The Canadian government slighted the indigenous community suffering 100 suicide attempts - and it could become a major problem


attawapiskat march

Reuters/Chris Wattie

People take part in a march and candlelight vigil in the Attawapiskat First Nation in northern Ontario, Canada, April 15, 2016.

Residents of Attawapiskat, the small Canadian aboriginal community that has suffered more than 100 suicide attempts in the last nine months, say the Canadian government's response to the crisis has left them feeling demoralized.


Attawapiskat Chief Bruce Shisheesh declared a state of emergency in the community on April 9.

Attawapiskat resident Jackie Hookimaw-Witt told Business Insider that a local movement arose weeks ago among community members to deal with the crisis.

Hookimaw-Witt's 13-year-old grand-niece Sheridan Hookimaw took her own life last October.

Days before Shisheesh's emergency declaration, more than 100 residents held a prayer walk in honor of those who had been affected by suicide in recent months. Youth in the community held a healing circle in the local gymnasium, where the Hookimaw family spoke about Sheridan. Hookimaw-Witt described the local movement as "complete and healing and empowering."

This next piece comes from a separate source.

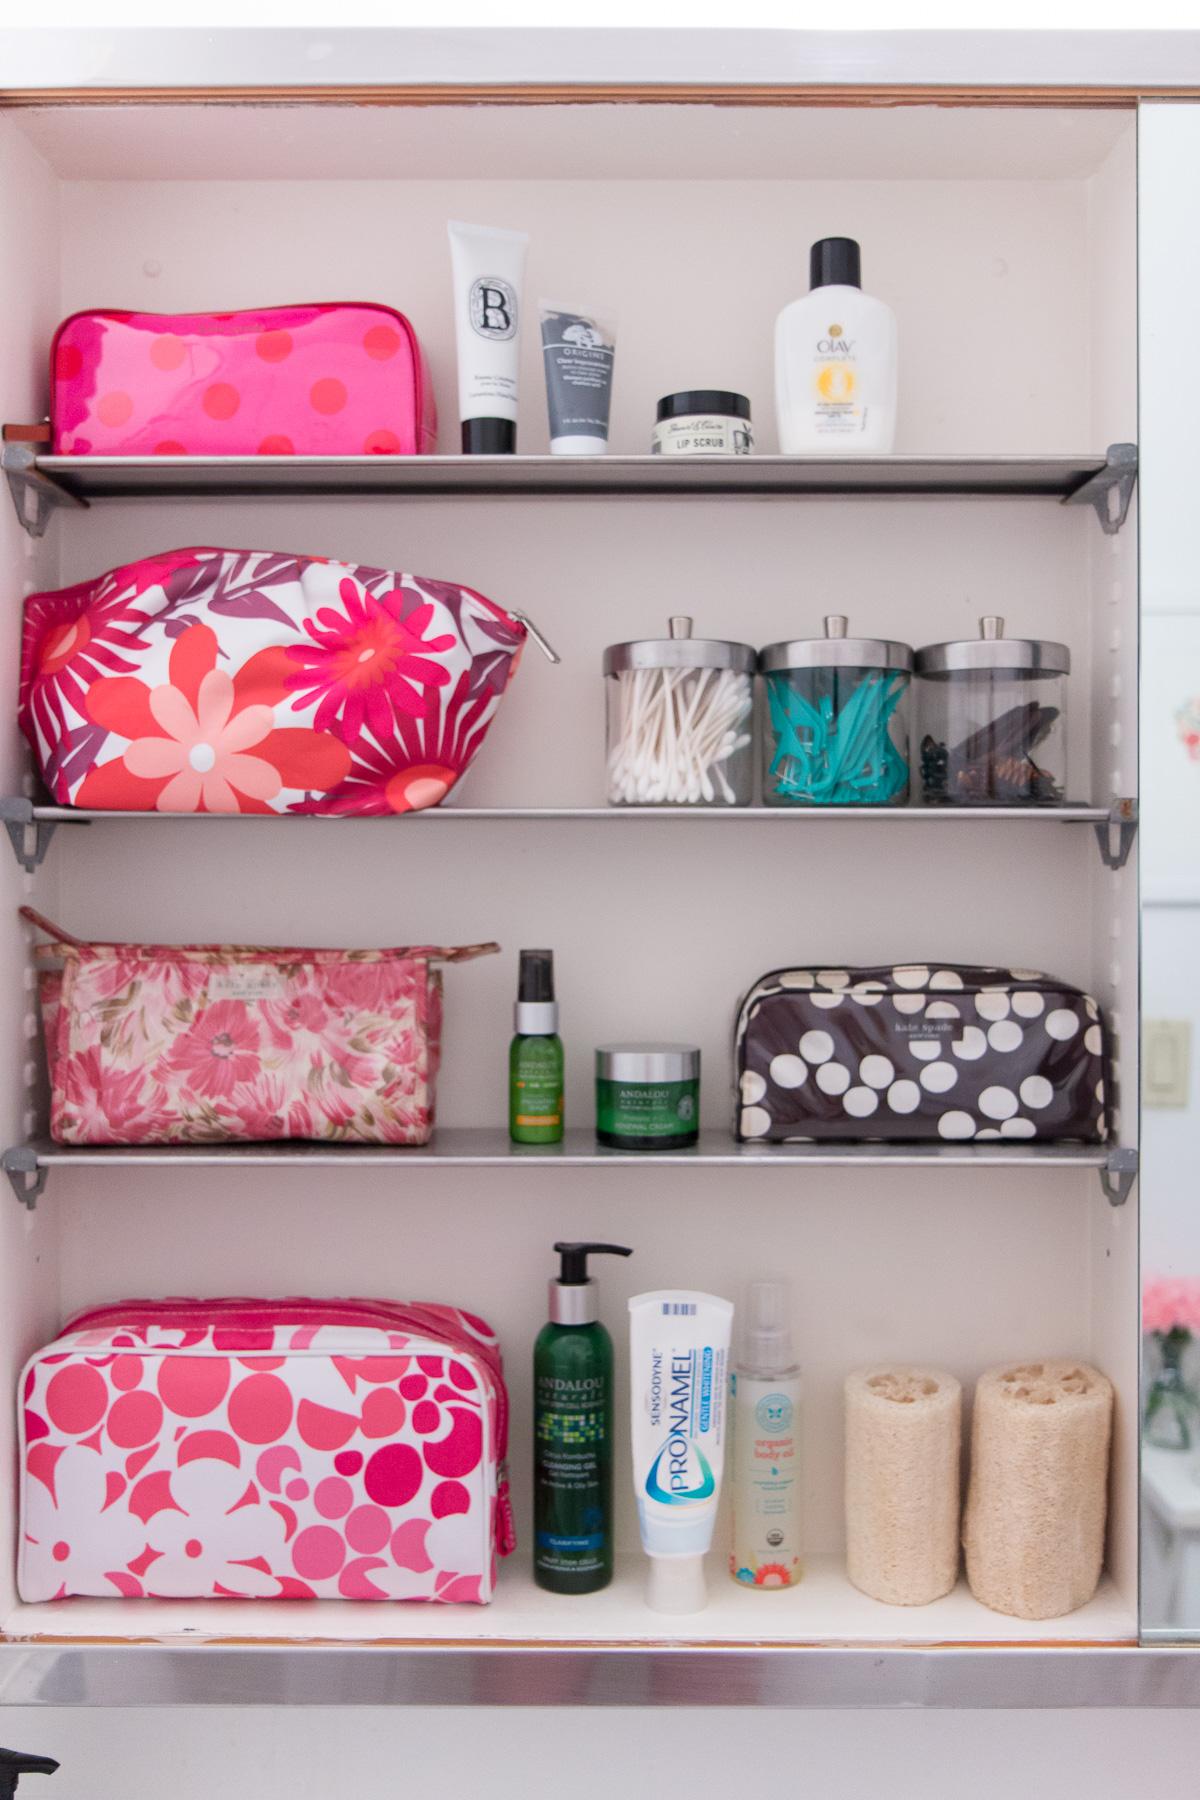 How to Organize a Small Bathroom - York Avenue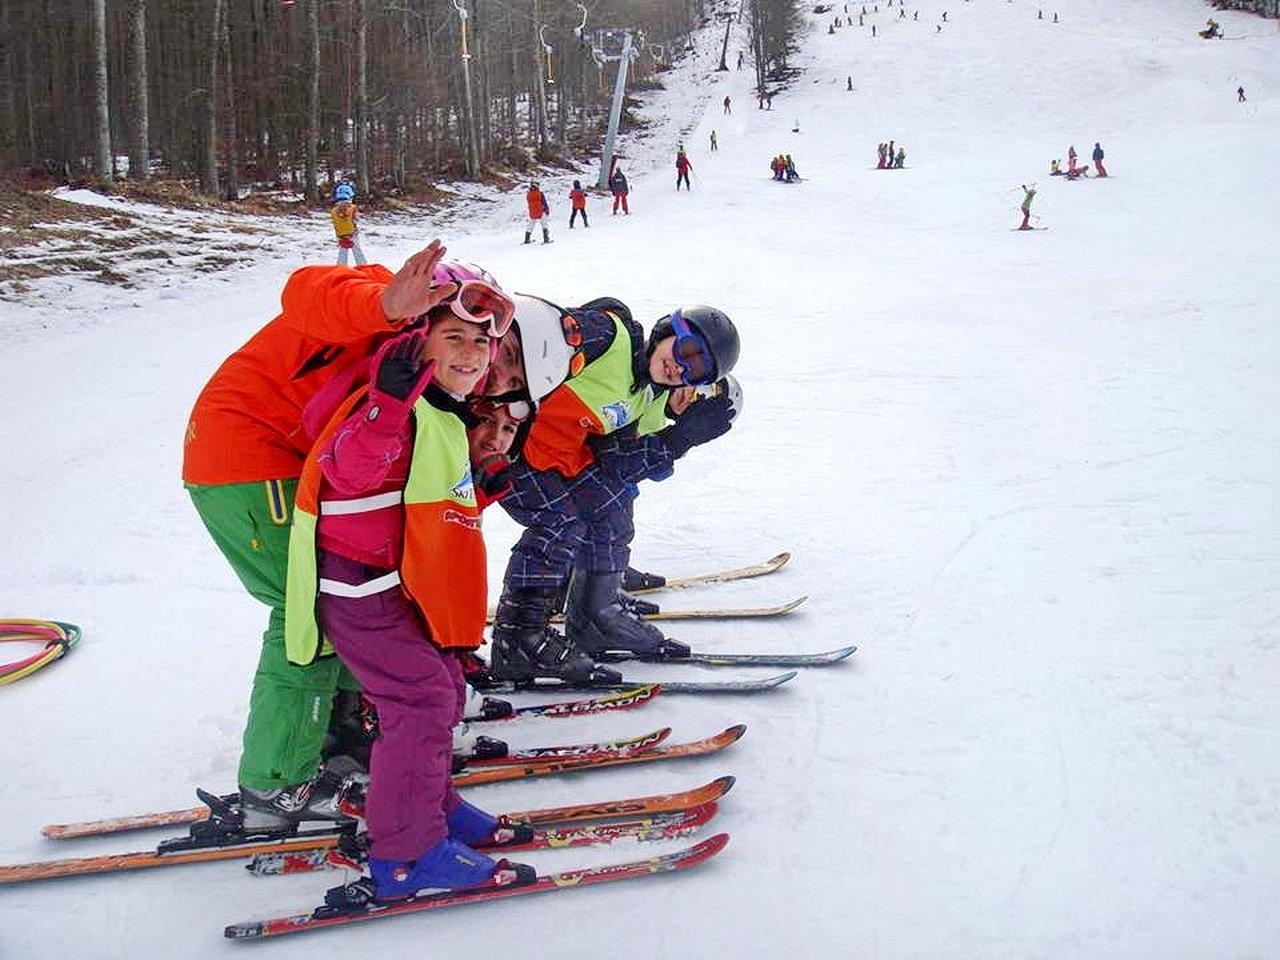 skiteam.gr-ski-academy-thessaloniki-2nd-weekend-18-19-january-2015-3-5-pigadiai-05

"Youth were saying, 'We don't wanna die, we're not going to give up, we've got to help one another,'" Hookimaw-Witt said.

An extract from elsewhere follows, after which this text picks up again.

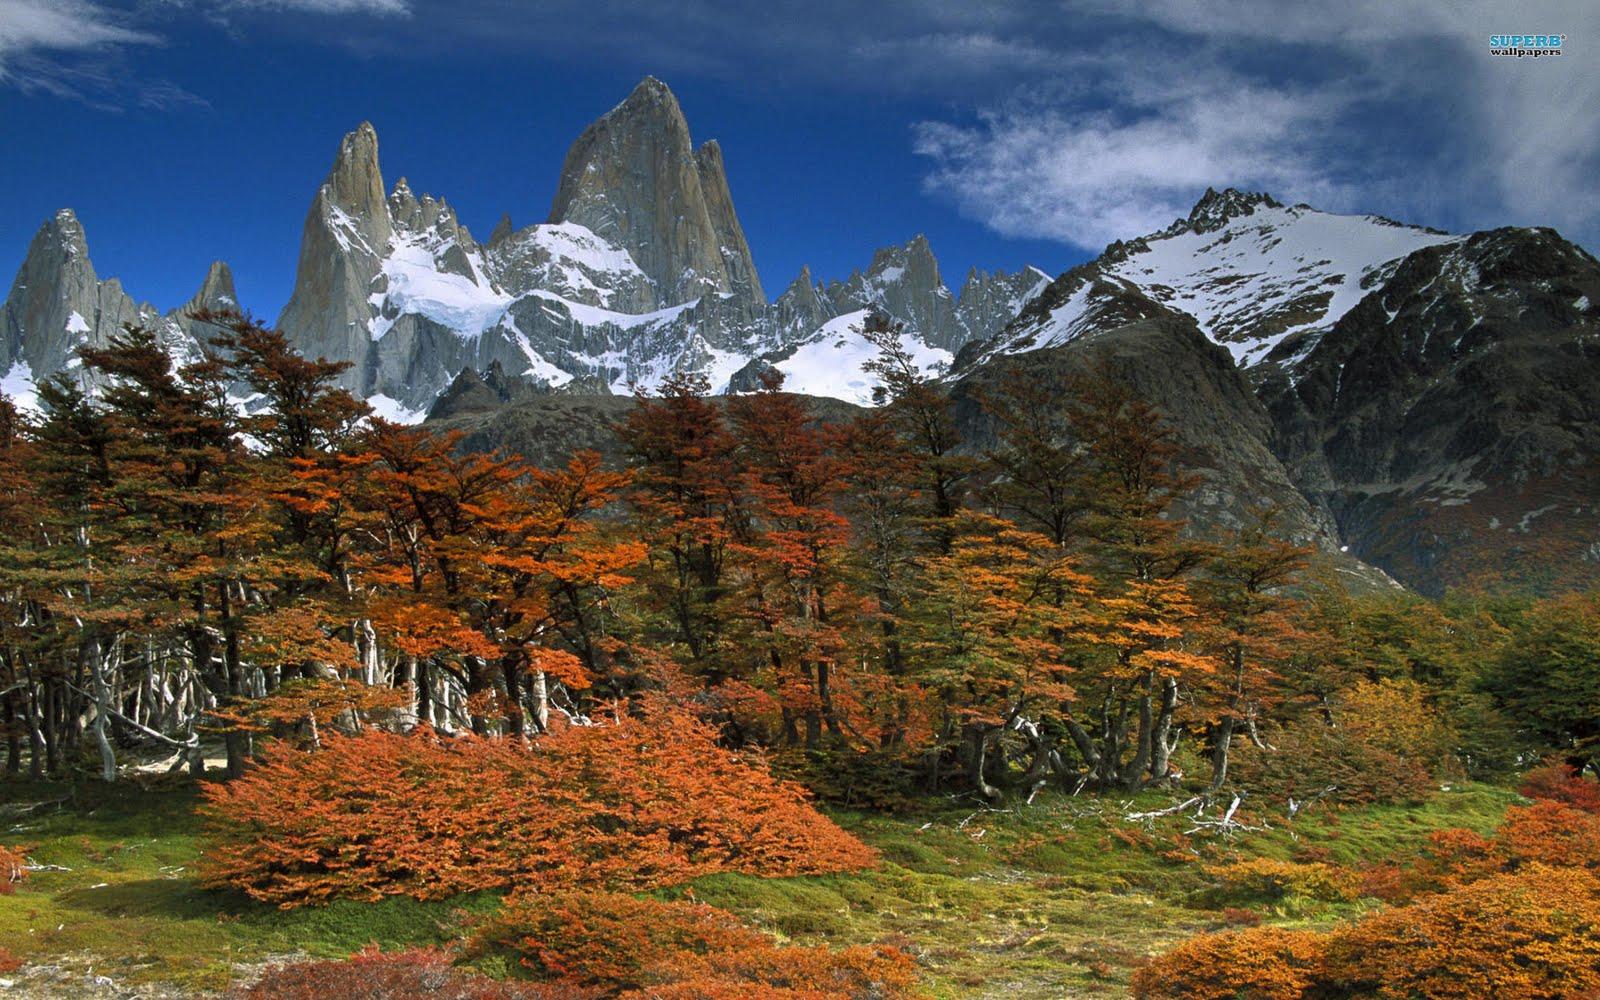 http://1.bp.blogspot.com/-fqIBPp4Vmhw/TcwU2hngUgI/AAAAAAAANPI/C_goMW5WunM/s1600/mount-fitzroy-los-glaciares-national-park-1146-1920x1200.jpg

On April 18, Canada's indigenous affairs minister Carolyn Bennett and Charlie Angus, a member of parliament representing the area that includes Attawapiskat, flew out to visit the northern Ontario community to address the crisis. The officials held a private meeting with Shisheesh before meeting with the community's youth council, a move that Hookimaw-Witt said many the community members saw as a slight.

"Instead of having separate meetings, the Chief and council should invite the public and youth council to sit together in the same room - like a family," she said. "[That's] how we do things Indigenous-style."

Shortly after Bennett and Angus's arrival, Hookimaw-Witt says the community's feelings grew negative as the officials appeared more concerned about looking good in front of the media than renewing relations with the community.

During the visit, government officials offered few concrete solutions other than promises for a new youth center and programs. Details and dollar figures for the youth center were not discussed. Hookimaw-Witt questioned why the officials never discussed education reform, or what youth will do in the meantime before the center gets built.


"When bureaucracy takes over, that was it. It just seems it was disempowering. The grassroots was hushed out," said Hookimaw-Witt.

Charles Hookimaw, an Attawapiskat First Nation member who now lives in North Bay, Ontario, told Business Insider he is often skeptical of the promises made by the provincial and federal government to First Nations communities. He said in his experience, government officials who visit Attawapiskat or offer assistance to First Nations communities frequently bring more red tape than solutions.

"Right now there hasn't been any concrete response - I haven't seen anything yet," Hookimaw said. "Ontario gives a little bit of help here and there, but that money will end up going toward administration fees ... It's all bureaucratic process and everything."

Since the government officials' visits to the community, Chief Shisheesh noted in a statement that while no specific details had been provided regarding the establishment of the youth center and "healing programs" in Attawapiskat, the community is "cautiously optimistic" about the future.

"The problems of our community were not created overnight, they have festered overtime [sic], and are now only becoming exposed," he said. "We need a long period of stability to heal and regain the hope that we have misplaced due to our chronic issues. We want to work with all levels of government to provide help for our community so we can cast off this shadow and move forward."